Non, je ne me compare pas à Rimbaud, loin de là. N'empêche que c'est le genre de détails propres à donner à un élève échaudé par la pédagogie des raisons de s'intéresser de manière plus personnelle à des choses "sérieuses" comme la poésie. Comme quoi, il suffit parfois de pas grand-chose pour améliorer un peu le monde.

D'aucuns diront qu'une page sur Arthur Rimbaud au milieu de mon site a priori pas très culturel, c'est incongru, voire insultant. Pensez, forcer ce monument de la poésie française à côtoyer mes divagations diverses (et à les subir, même).

A ceux-là je dirais dans le désordre:
  • c'est bien la preuve que vous n'avez pas compris le credo premier du Soulcatcher, qui est de ne reconnaître ni frontières et ni préjugés d'aucune sorte, en privilégiant ce que moi d'abord, en tant qu'auteur de ce site, vous ensuite je l'espère, pourrez tirer des divers domaines que j'aborde. (vous pouvez vérifier, la phrase est correcte. Tordue, mais correcte)
  • ce serait bien mal connaître et estimer Rimbaud que de considérer sa présence comme déplacée où que ce soit, fut-ce sur un site Web dédié à un panel hétérogène de personnalités réelles ou imaginaires, venues de domaines peu reconnus par l'establishment. SPECIALEMENT sur un tel site, dirais-je. Ecco. Bon, c'est pas paske je cause de Rimbaud qu'il faut que je commence à parler comme un technocrate invité à Pivot, moi...
  • merde. C'est mon site, j'y mets qui je veux. Le pauvre Arthur serait probablement bien déconfit s'il ne trouvait son nom que sur des sites hautement culturels ou conventionnels. Un comble pour lui!
  • tant que je ne saurais pas faire tourner les tables, je ne pourrai pas lui demander son avis en face pour accréditer sa présence sur mon site, donc je m'en passerai. Et c'est la seule personne qui a son mot à dire sur le sujet.
  • j'ai déjà un bout d'un poème de Verlaine, Crimen Amoris en guise d'annexe à ma page sur Armand, je ne pouvais décemment pas ignorer Rimbaud.
  • j'ai un faible pour les jolis garçons créatifs à l'esprit tortueux et aux moeurs libres, donc il est tout à fait à sa place.

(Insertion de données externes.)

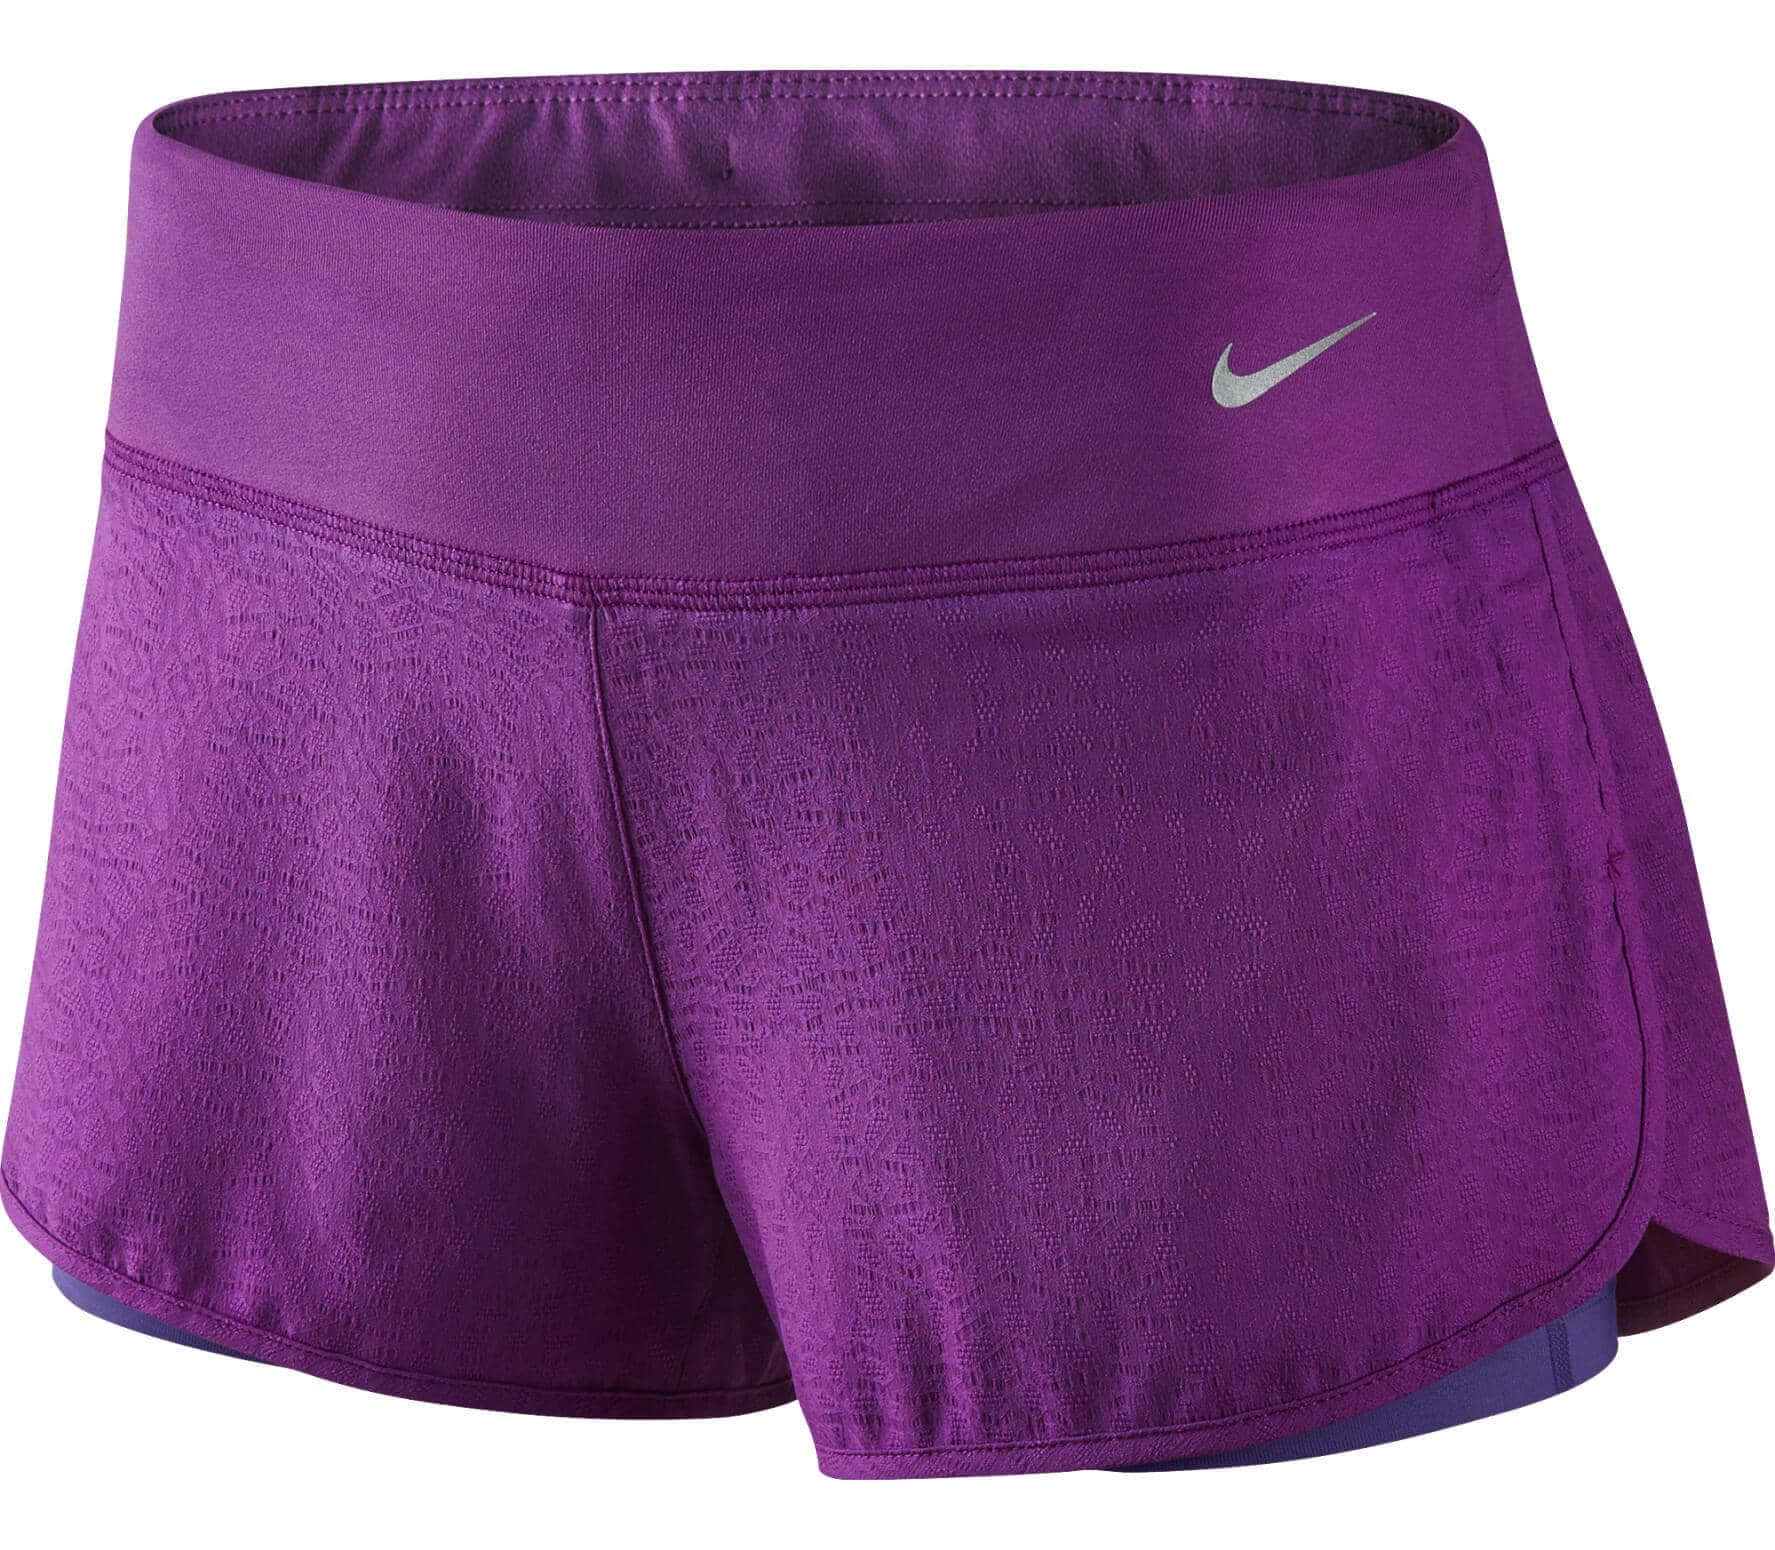 Look cool with a pair of Women's Purple Shorts Wallpaper

Et pour terminer sur un dernier délire:
Si Rimbaud vivait à notre époque, il serait un cyber-poète connecté à Internet, pour mêler les errances physiques à celles de l'esprit, il consommerait du LSD, de la coke ou de l'héroïne, il ferait peut-être du rock, ou du rap, ou en tout cas des paroles pour ce genre de trucs, et au lieu de s'arrêter de faire de la poésie à 24 ans, mort spirituelle, il serait mort pour de bon d'une overdose sur un trottoir du Sunset Boulevard.
Mais pardon, là je retombe sur mes démons personnels.

Si Rimbaud vivait à notre époque, il se ferait chier autant qu'à la sienne, il écrirait sur tout ce qui continue à mal tourner, et il aurait de quoi.
Mais avec le traitement de texte il aurait écrit plus!

Allez, sans rancune mon vieux. Ce n'est pas la première fois qu'on écrit n'importe quoi sur toi, j'espère au moins que cette fois ça aura été distrayant.